Exercise.
Strip out all images, then restate the data verbatim.

Source data.
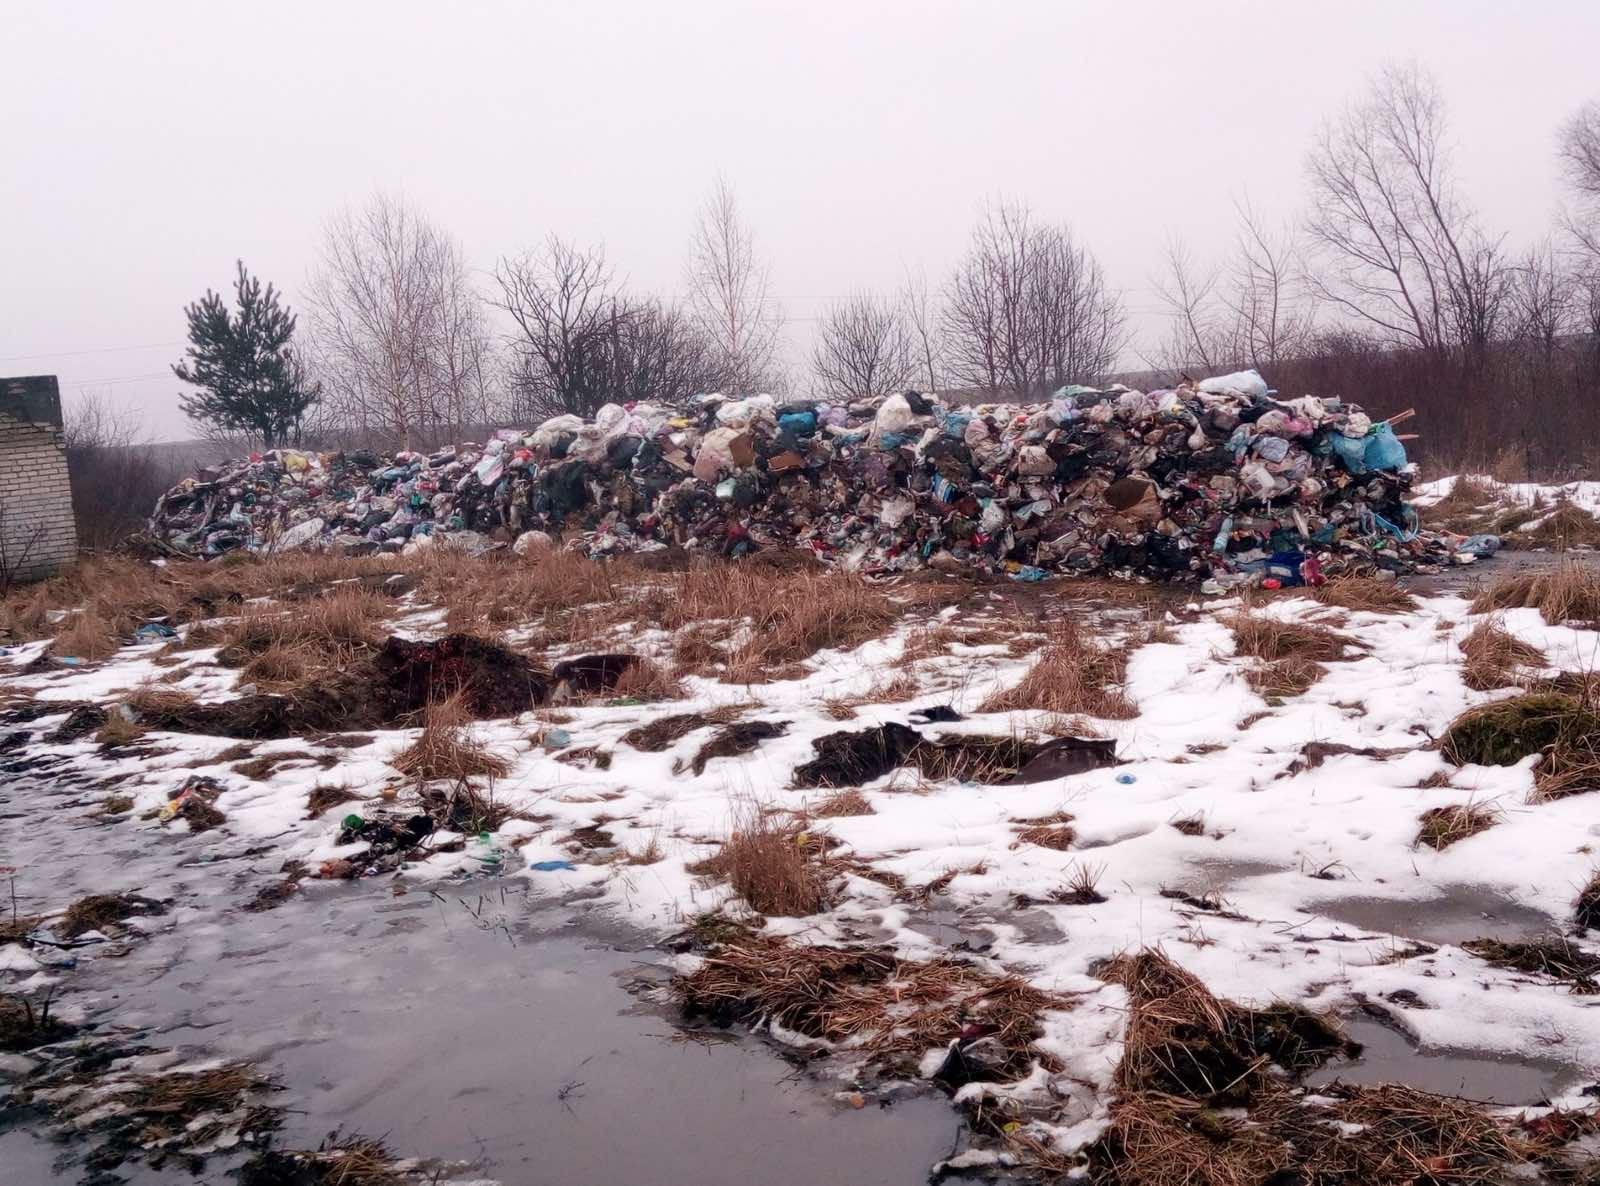 Несанкціоноване сміттєзвалище – так назвали гору сміття, яка з'явилася за одну ніч біля села Острів Червоноградського району
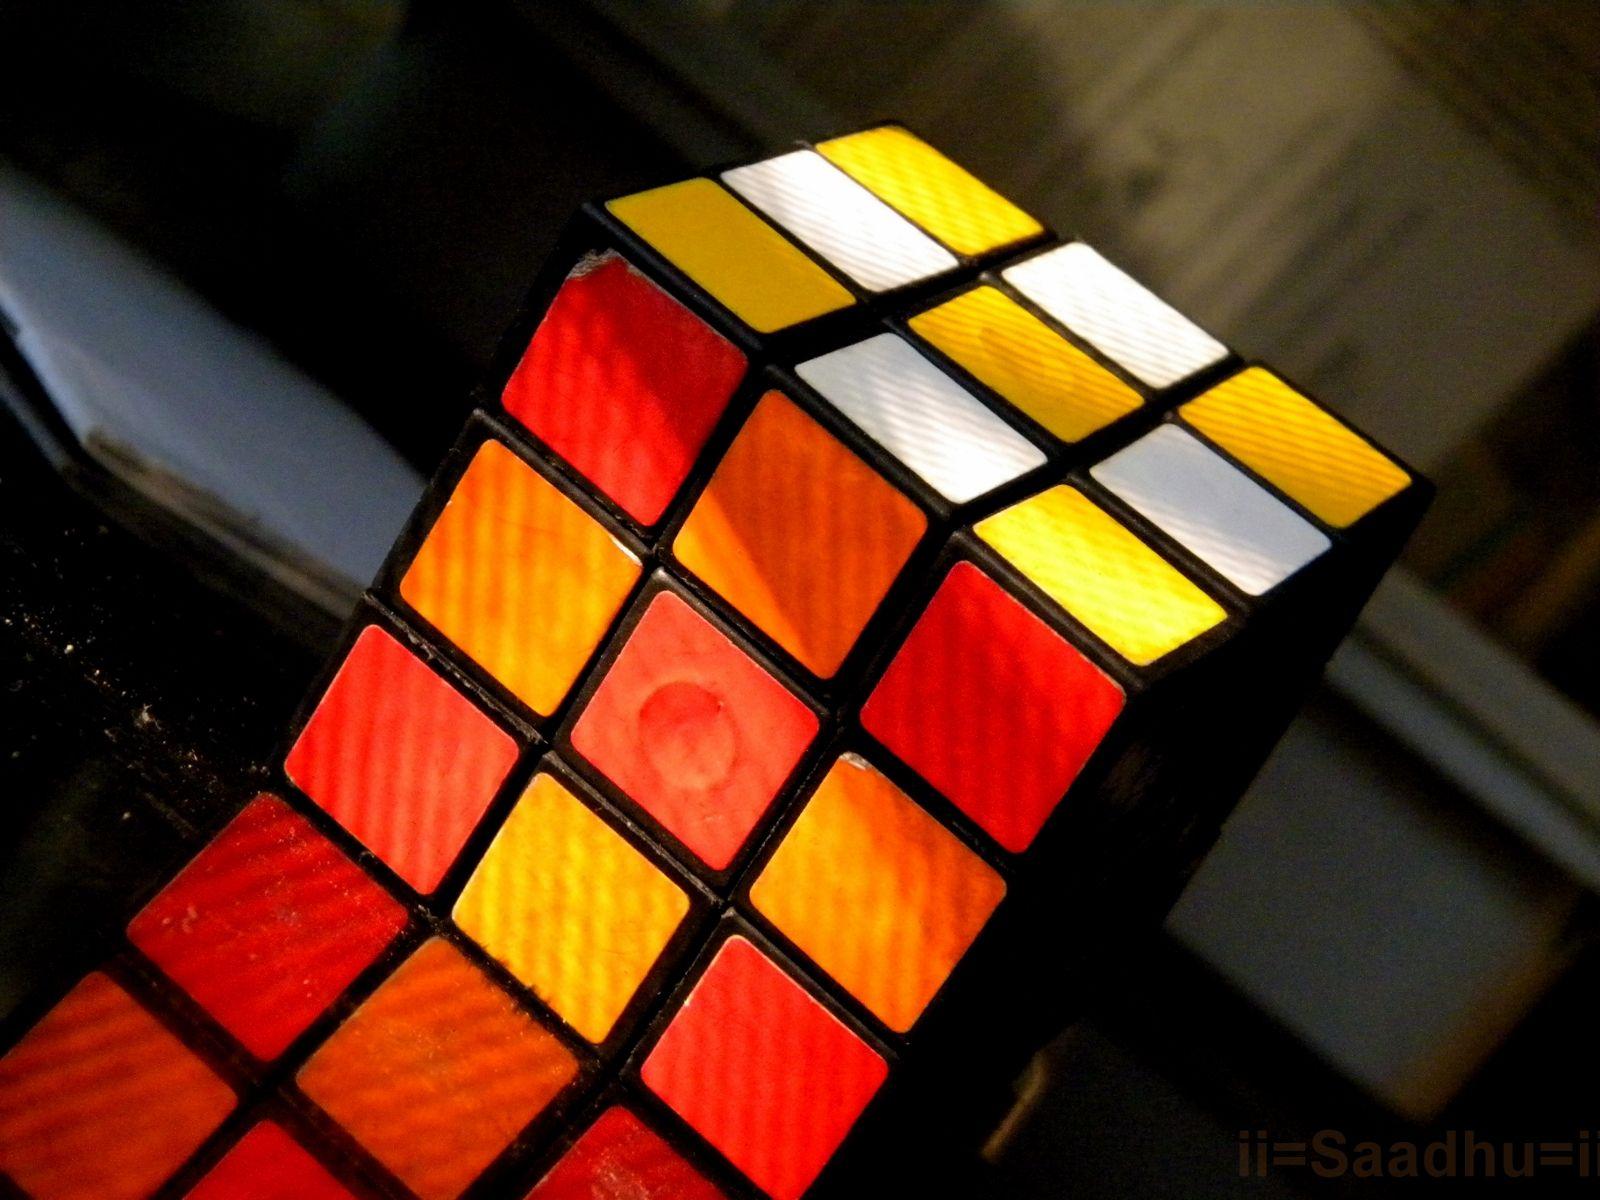 Rubiks Cube Wallpaper   ForWallpapercom 1600x1200
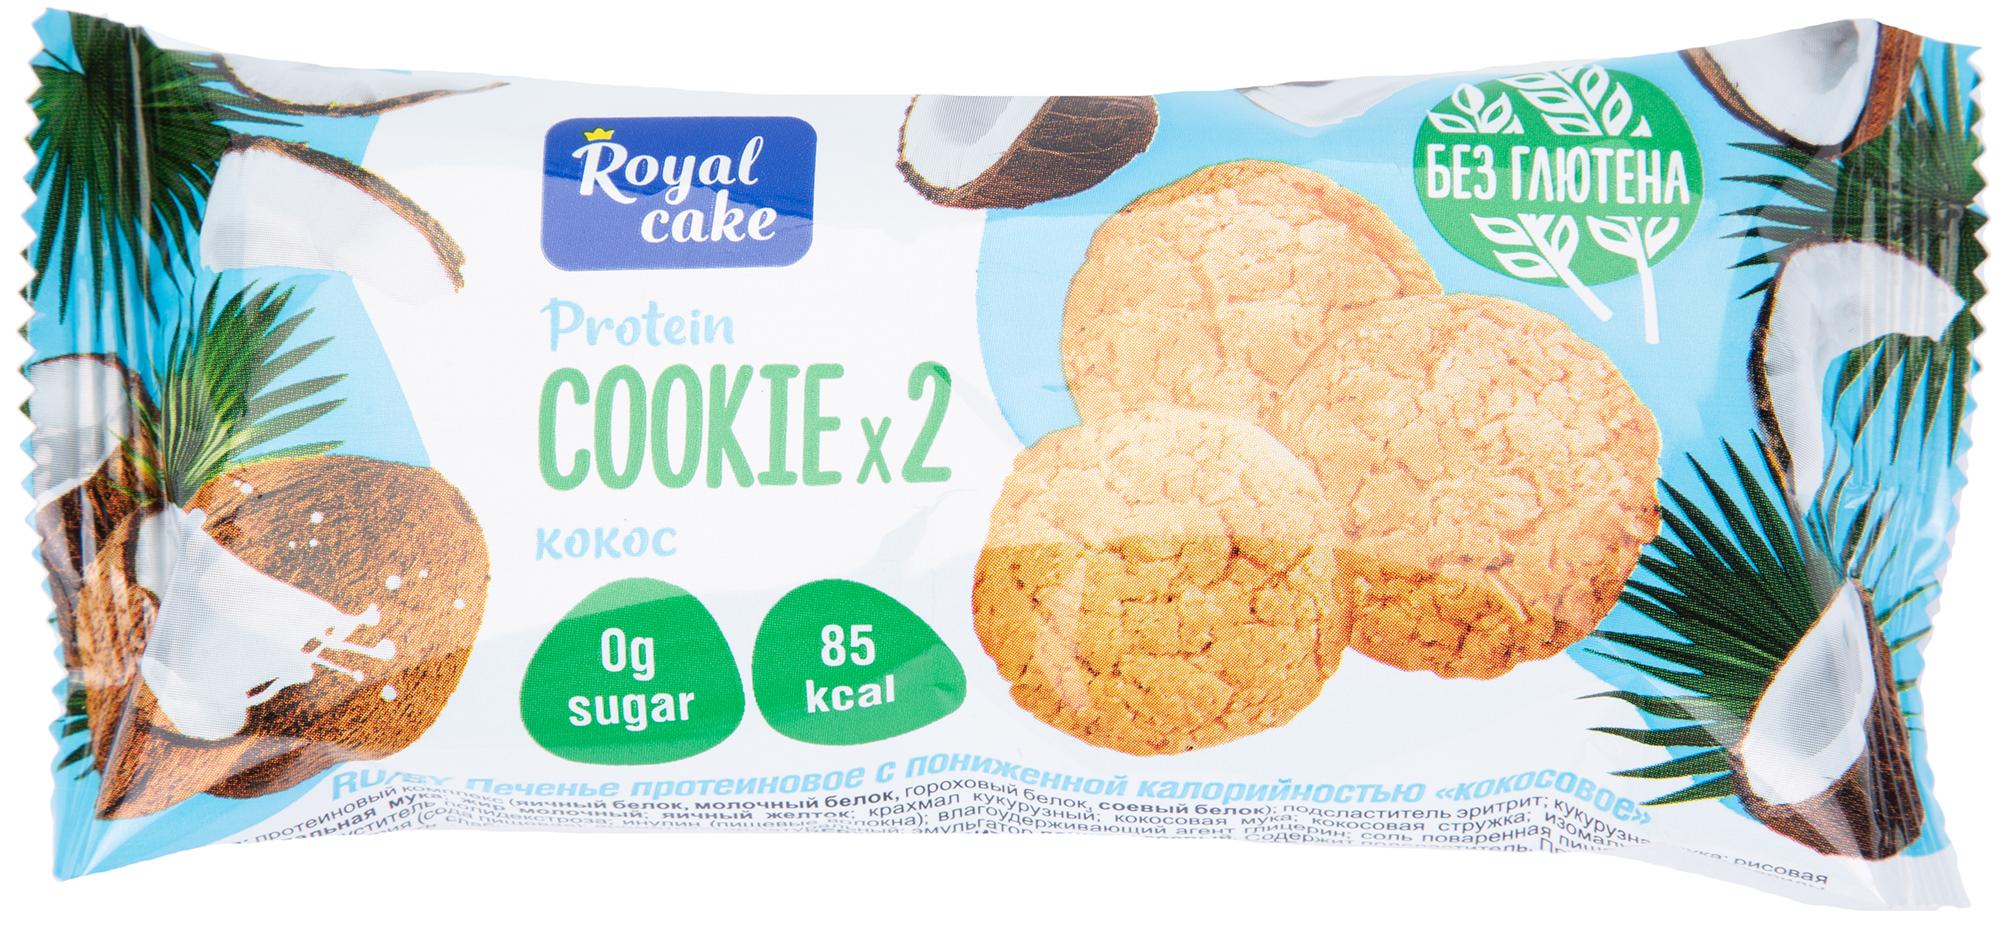 Royal cake Печенье протеиновое кокосовое
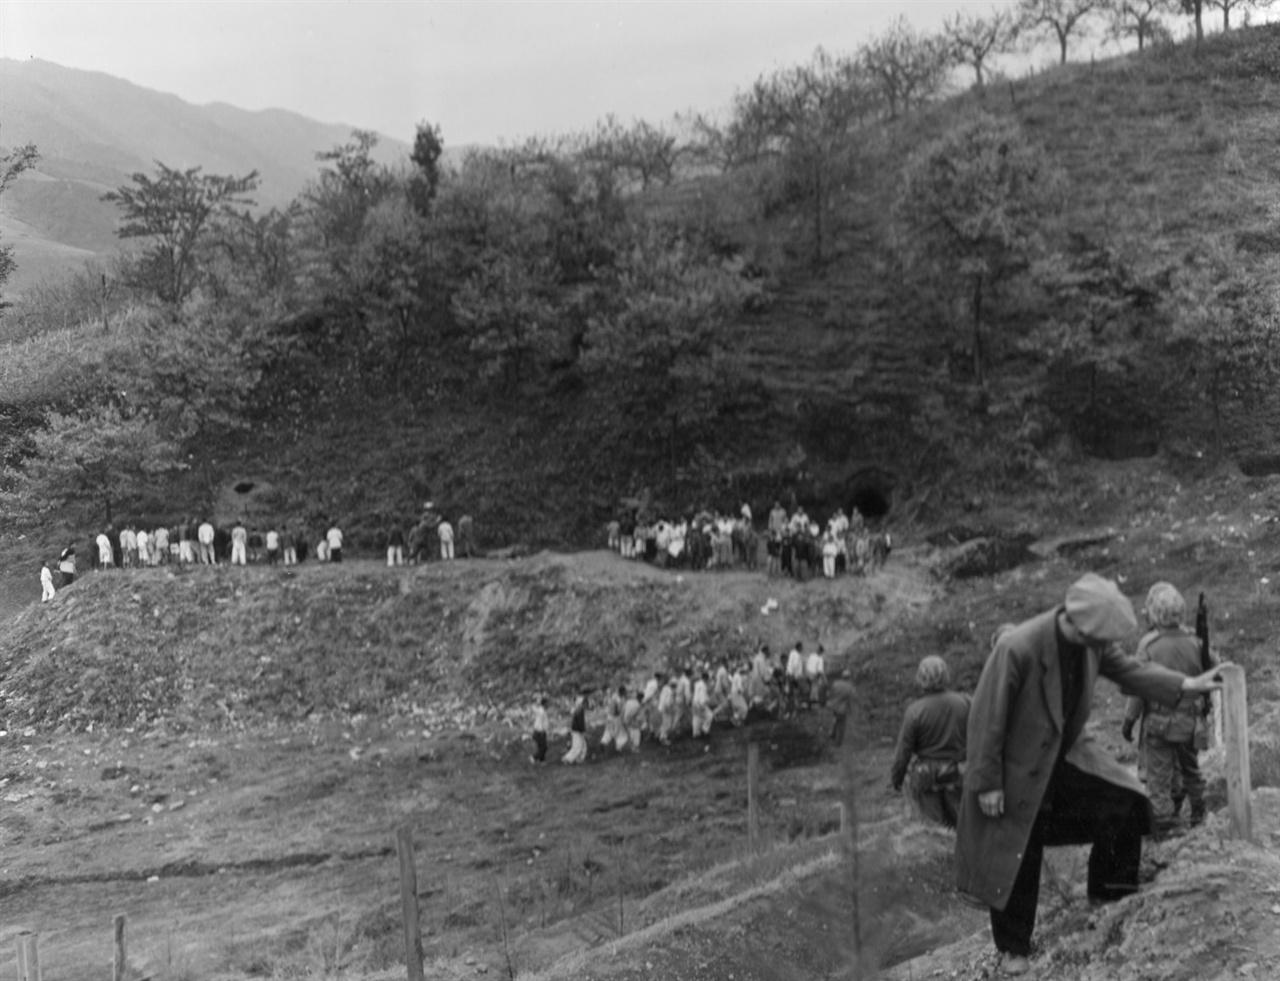 집단 학살 현장으로 암매장된 어느 산골골짜기(1950. 11. 14.).

Solution below.
 Несанкціоноване сміттєзвалище – так назвали гору сміття, яка з'явилася за одну ніч біля села Острів Червоноградського району
 Rubiks Cube Wallpaper   ForWallpapercom 1600x1200
 Royal cake Печенье протеиновое кокосовое
 집단 학살 현장으로 암매장된 어느 산골골짜기(1950. 11. 14.).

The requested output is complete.